Certain Texas cities, counties, and school districts “offer some form of insurance benefits to domestic partnerships” as part of their employee benefits programs. The Attorney General observed that the domestic partnerships at issue were not created by state law, but instead, were entirely a creation of the political subdivision. Further, according to the Attorney General, the domestic partnership benefits programs in question provide healthcare benefits on a new class of individuals and establish requirements for qualifying as a domestic partner, such as affidavits and supporting documentation.

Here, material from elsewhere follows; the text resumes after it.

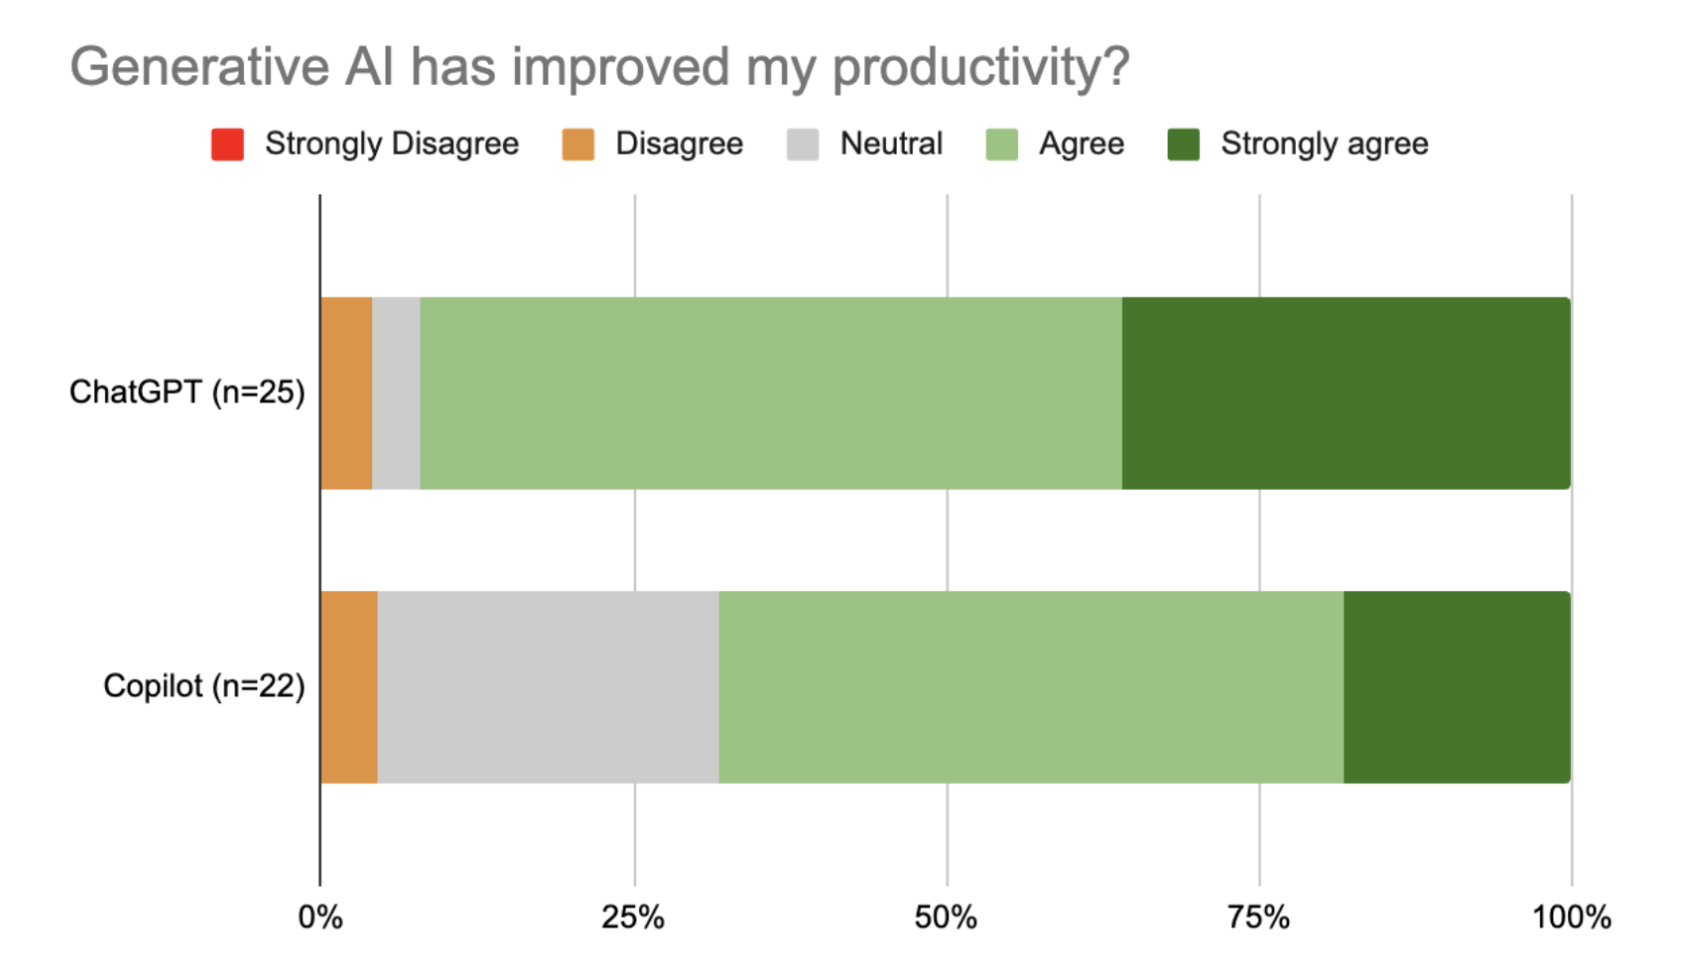 GenAI has improved productivity

The Attorney General stated: “By establishing eligibility criteria and requiring affidavits and other legal documentation to demonstrate applicants’ eligibility to be considered domestic partners, these political subdivisions have purported to create a legal status of domestic partnership that is not otherwise recognized under Texas law. Furthermore, the political subdivisions ‘recognize’ that legal status by providing benefits to individuals who attain that status.” The domestic partnerships criteria established in these programs is also similar to criteria associated with marriage.

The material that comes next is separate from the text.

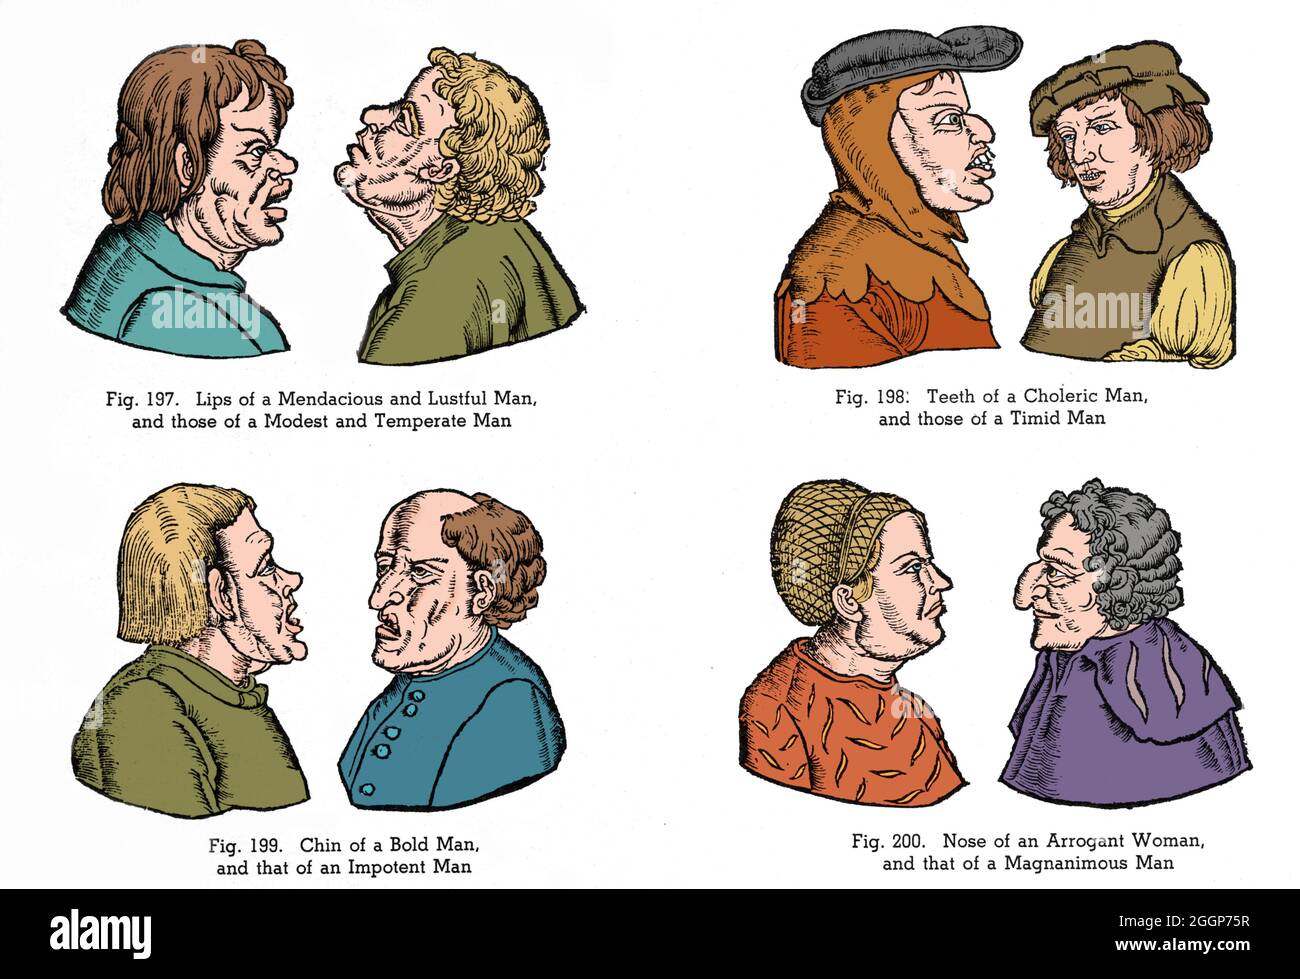 Illustrazioni di stereotipi medievali di personalità basate su caratteristiche facciali. La pseudoscienza della fisiognomia è la valutazione del carattere o della personalità di una persona dal suo aspetto esterno, specialmente il volto. Colore ottimizzato. Foto Stock

Legislative debate over article I, section 32 in the House of Representatives reflected the author’s belief that the constitutional provision did not address specifically whether a political subdivision may provide employee benefits to the unmarried partner of an employee. Rather, it prohibits the creation of a legal status similar to marriage. The benefits programs here not only offered benefits to domestic partners, but created a legal status and recognized that status by making it the sole basis on which to provide benefits to domestic partners of employees. Thus, it is the creation of a “legal status similar to marriage” that violates the Texas Constitution.

This will not be the last word on this issue. The Attorney General noted that the United States Supreme Court has granted certiorari in two cases addressing state and federal laws that define marriage as it is defined in article I, section 32 of the Texas Constitution. Decisions on those cases are expected before the end of the Court’s term in June.